Testing 20, 40 mg of PHVS416
CHAPTER-1 (NCT05047185), another placebo-controlled Phase 2 study, is testing the safety and effectiveness of PHVS416 given once daily at 20 or 40 mg as prophylaxis in 34 adults with HAE type 1 or 2.
Both dose strengths were well tolerated and outperformed the placebo at reducing the rates of monthly swelling attacks, including those that required on-demand medication for relief, topline data showed.
New data presented at this year’s European Academy of Allergy and Clinical Immunology (EAACI) congress in Spain showed that PHVS416 reduced those monthly attack rates regardless of how often patients had swelling attacks before treatment. That presentation was titled “Efficacy and Safety of Oral Deucrictibant, a Potent Bradykinin B2 Receptor Antagonist, in Prophylaxis of Hereditary Angioedema Attacks: Results of CHAPTER-1 Phase 2 Trial.”
In another presentation at EAACI, researchers showed that all the patients treated with the higher PHVS416 dose reported better quality of life, as measured using the Patient Global Assessment of Change.
Most patients treated with either 20 mg (80%) or 40 mg (77.8%) felt “much better” after treatment compared with 12.5% in the placebo group. Only one 20 mg patient reported no change.
“If these data are confirmed in the planned Phase 3 study, deucrictibant may be the first oral prophylactic option demonstrating statistically significant and clinically meaningful [health-related quality of life] improvement,” the researchers wrote in the presentation.
Consistent with separate observations with high-efficacy injectable medications, patients were satisfied with how well PHVS416 worked, according to the Evaluation of Treatment Satisfaction Questionnaire for Medication (TSQM), an 11-item questionnaire where higher scores indicate greater satisfaction.
After three months of treatment, the patients on 20 mg of PHVS416 scored on average 40 points higher on the TSQM regarding their satisfaction with treatment effectiveness than those on a placebo. The difference was of 36.7 points for the 40 mg group.
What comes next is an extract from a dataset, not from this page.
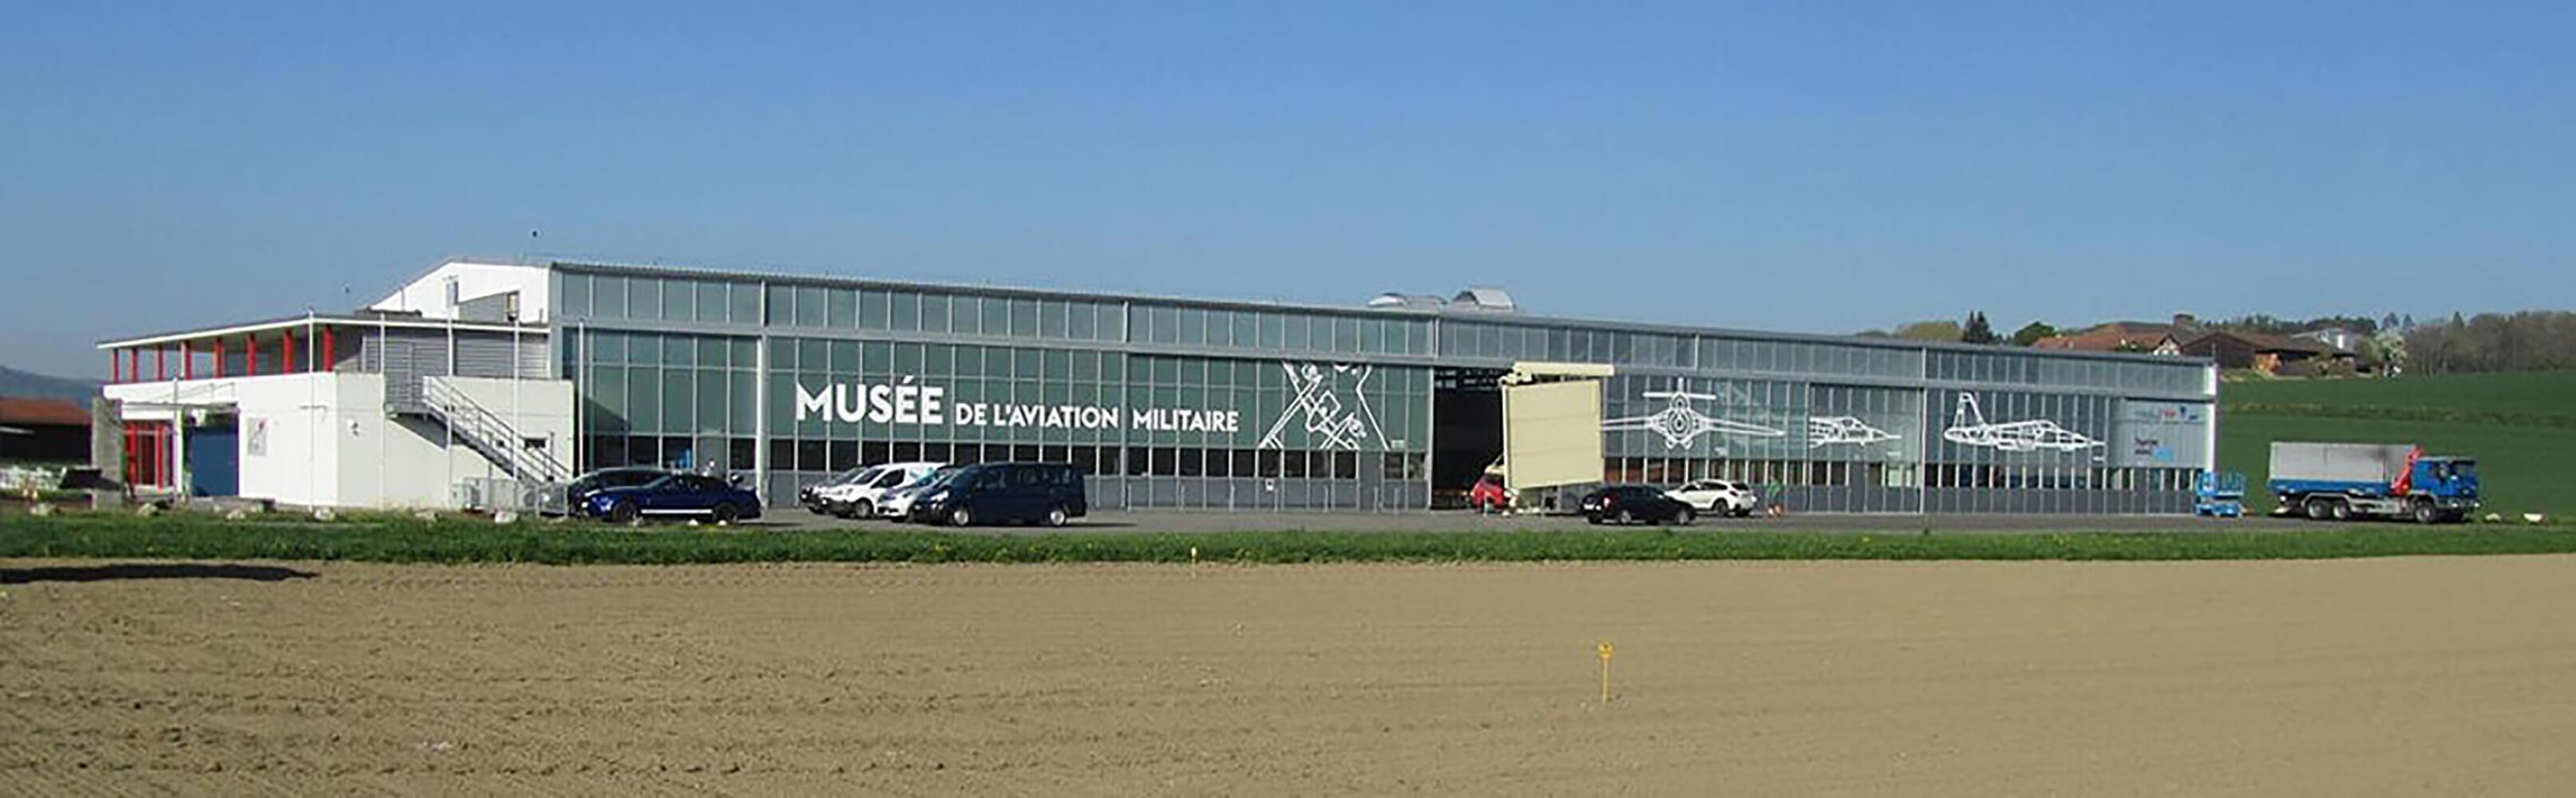 Clin d'Ailes - Musée de l'aviation militaire de Payerne 1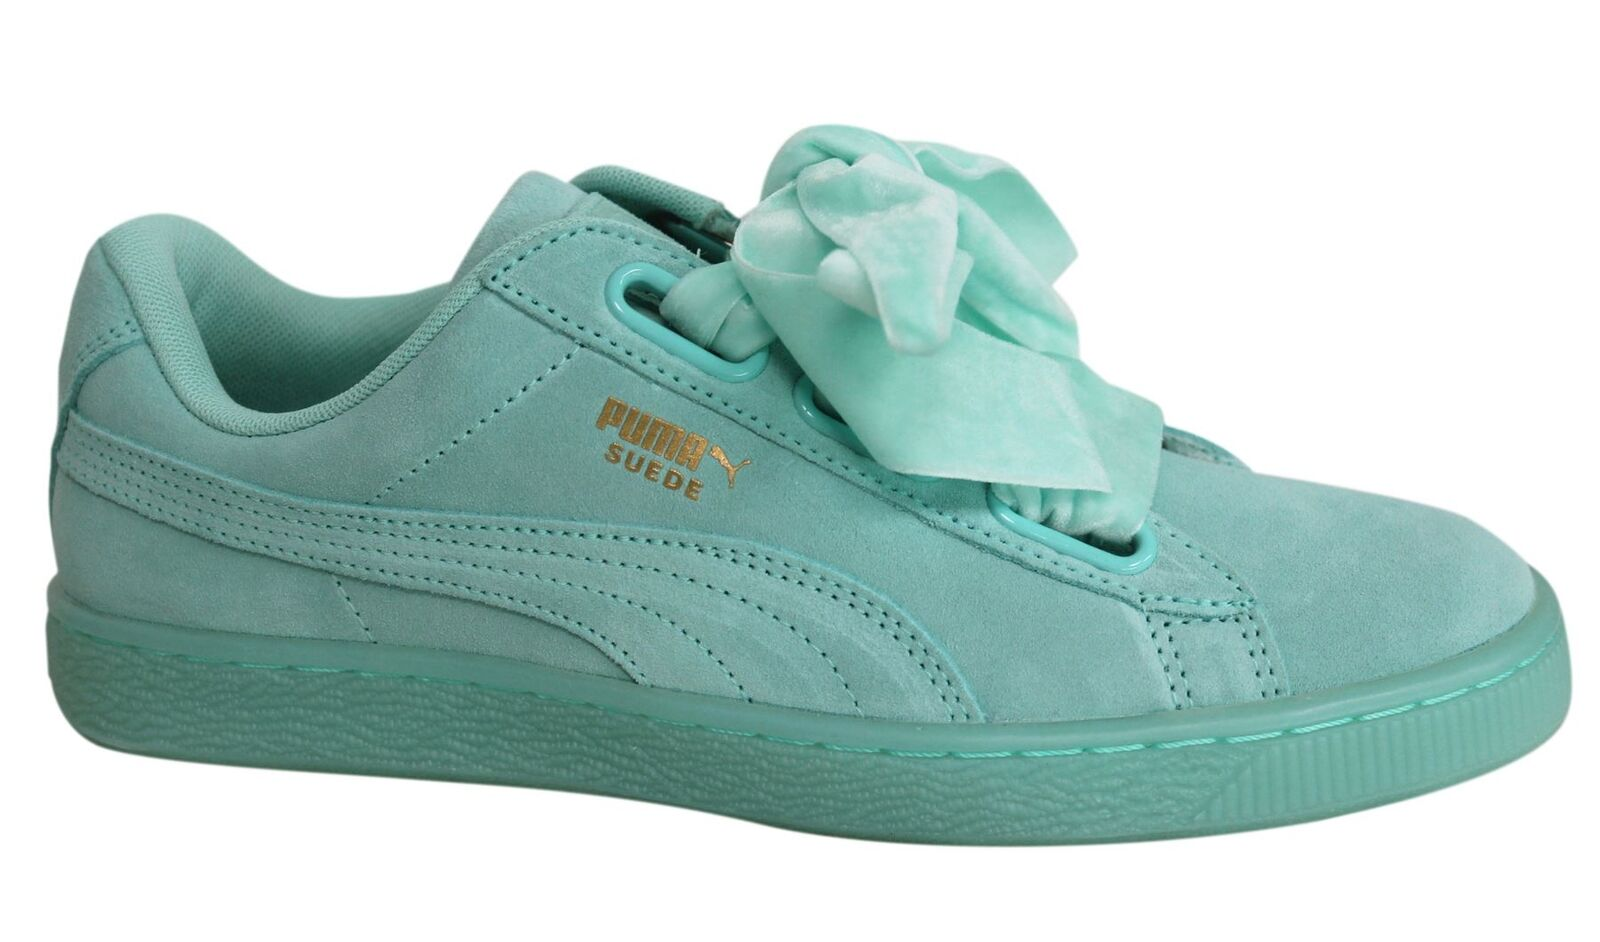 Détails sur Puma Suede Heart Reset Lace Up Aruba Blue Leather Womens Trainers 363229 01 d83 afficher le titre d'origine

There were no differences in side effects or convenience of use.
The patients treated with PHVS416 were also more satisfied with treatment, scoring nearly 30 points higher on the TSQM than those on a placebo.
“The data presented at EAC and EAACI reinforce the benefits of deucrictibant, such as … symptom resolution in 78.6% of participants within 24 hours following on-demand treatment, and the injectable-like efficacy, favorable safety profile, and convenience of deucrictibant for prophylactic treatment,” Lu said. “Looking ahead, we expect to publish data from our ongoing open-label extensions in both on-demand and prophylaxis.”
Lu said the data will “provide insights into on-demand treatment observations across multiple HAE attacks, including laryngeal [throat] attacks, which may position deucrictibant as a best-in-class treatment for HAE.”